To satisfy the pleading requirements of Fed. R. Civ. P. 8, a complaint must simply give
the defendants fair notice of what the plaintiff’s claim is and the grounds upon which it rests.
Id. at 555; Swierkiewicz v. Sorema N.A., 534 U.S. 506, 512, 122 S. Ct. 992, 152 L. Ed. 2d 1
(2002). Although the pleading standard announced in Fed R. Civ. P. 8 does not require
“detailed factual allegations,” it does demand more than an unadorned, “the-defendantunlawfully-harmed-me accusation.” Sinaltrainal v. Coca-Cola Co., 578 F. 3d 1252, 1268 (11th
Cir. 2009) (citing Ascroft v. Iqbal, ----- U.S.----, 129 S. Ct. 1937, 1949, 173 L. Ed 2d 868
(2009). Furthermore, unwarranted deductions of fact in a complaint are not admitted as true
for the purpose of testing the sufficiency of the allegations. Sinaltrainal, 578 F. 3d at 1268
(citing Aldana v. Del Monte Fresh Produce, N.A., Inc., 416 F.3d 1242, 1248 (11th Cir. 2005)).

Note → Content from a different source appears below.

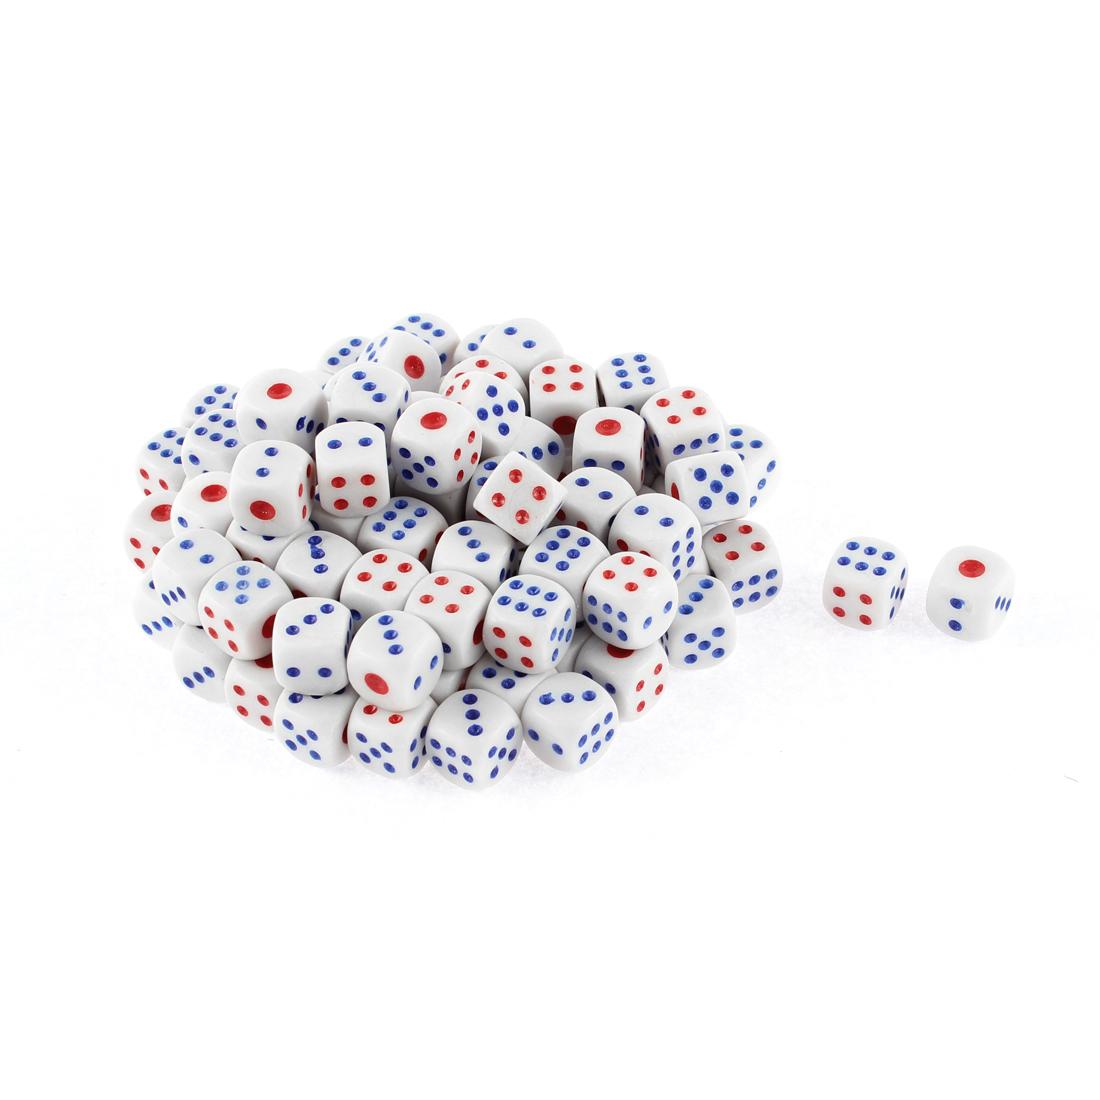 100 Pcs White Plastic Rounded Corner Gambling KTV Lucky Game Props Dices

The facts as pled must state a claim for relief that is plausible on its face. Sinaltrainal, 578 F.
3d at 1268 (citing Iqbal, 129 S. Ct. at 1950). Dismissal is warranted under Fed. R. Civ. P.

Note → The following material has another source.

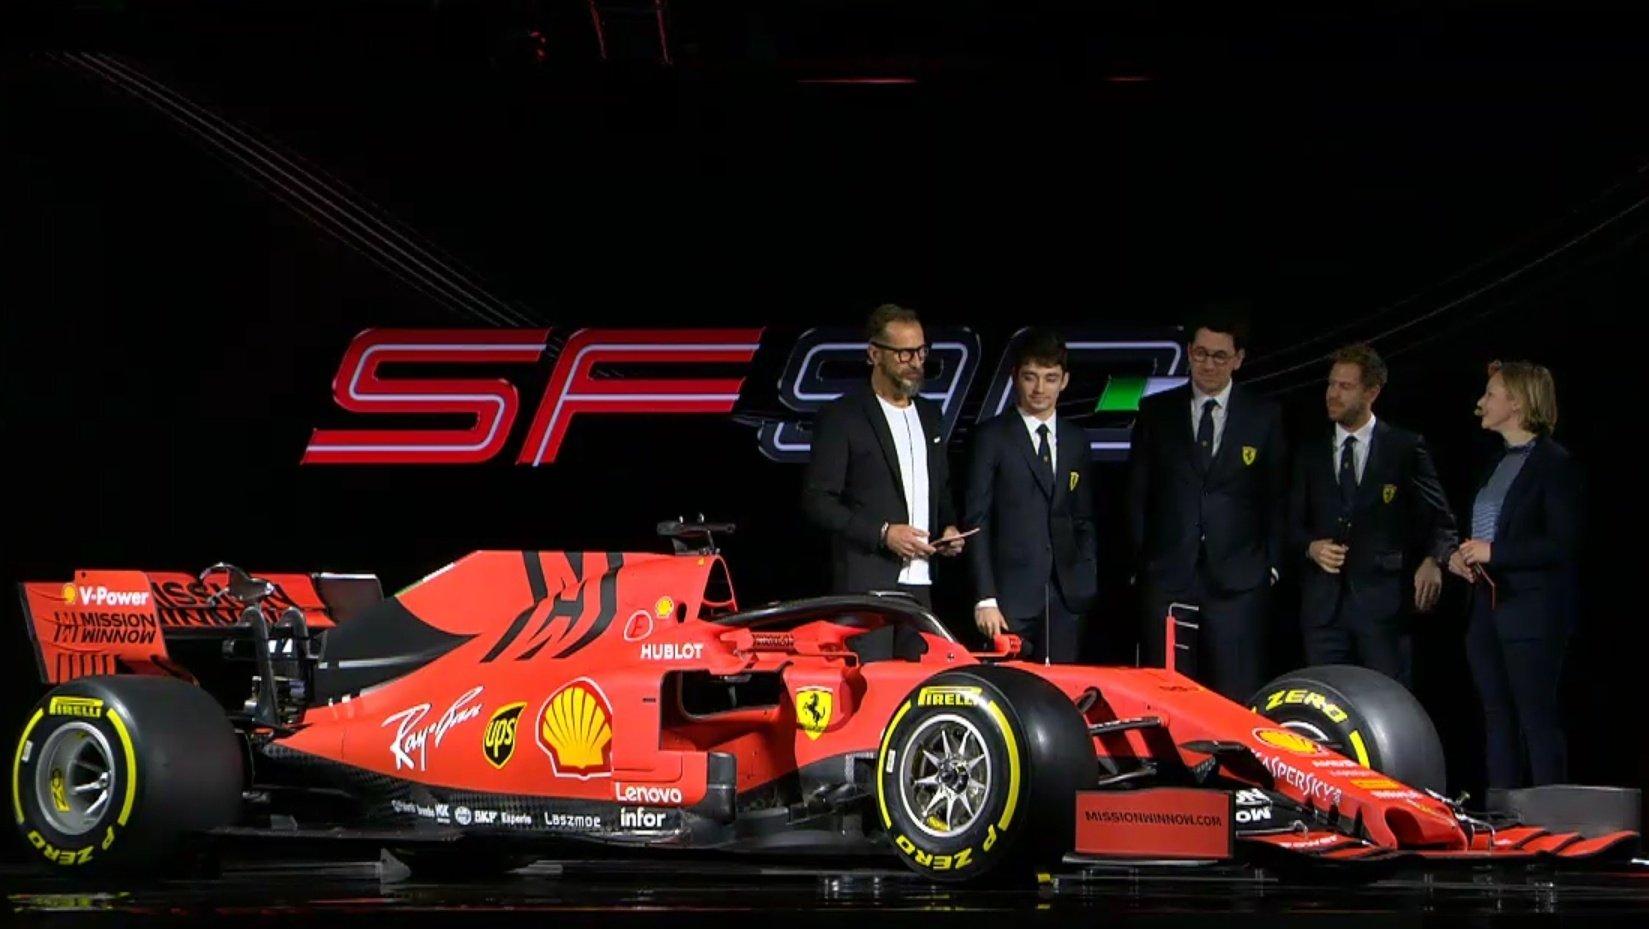 Nuova ferrari 2019 formula 1

12(b)(6) if, assuming the truth of the factual allegations of plaintiff’s complaint, there is a
dispositive legal issue which precludes relief. Simplexgrinnell, L.P. v. Ghiran, 2007 WL
2480352 (M.D. Fla. August 29, 2007) (citing Neitzke v. Williams, 490 U.S. 319, 326, 109 S.
Ct. 1827, 104 L. Ed. 2d 338 (1989); Brown v. Crawford County, Georgia, 960 F.2d 1002,
1009-1010 (11th Cir. 1992).
DISCUSSION
The Defendants argue that Cosby failed to allege that LCOEO had a custom policy or
practice to discriminate.
The Defendants further argue that Barden, Valenti, and
Salyer are entitled to absolute immunity or in the alternative entitled to qualified immunity.
Finally the Defendants argue that the intra-corporate conspiracy doctrine protects them from
4
any conspiracy claims. Cosby states that he was deprived of his due process rights under
the Fourteenth Amendment because he was not allowed a hearing before the LCOEO
dismissed A8130E on a no reasonable cause determination.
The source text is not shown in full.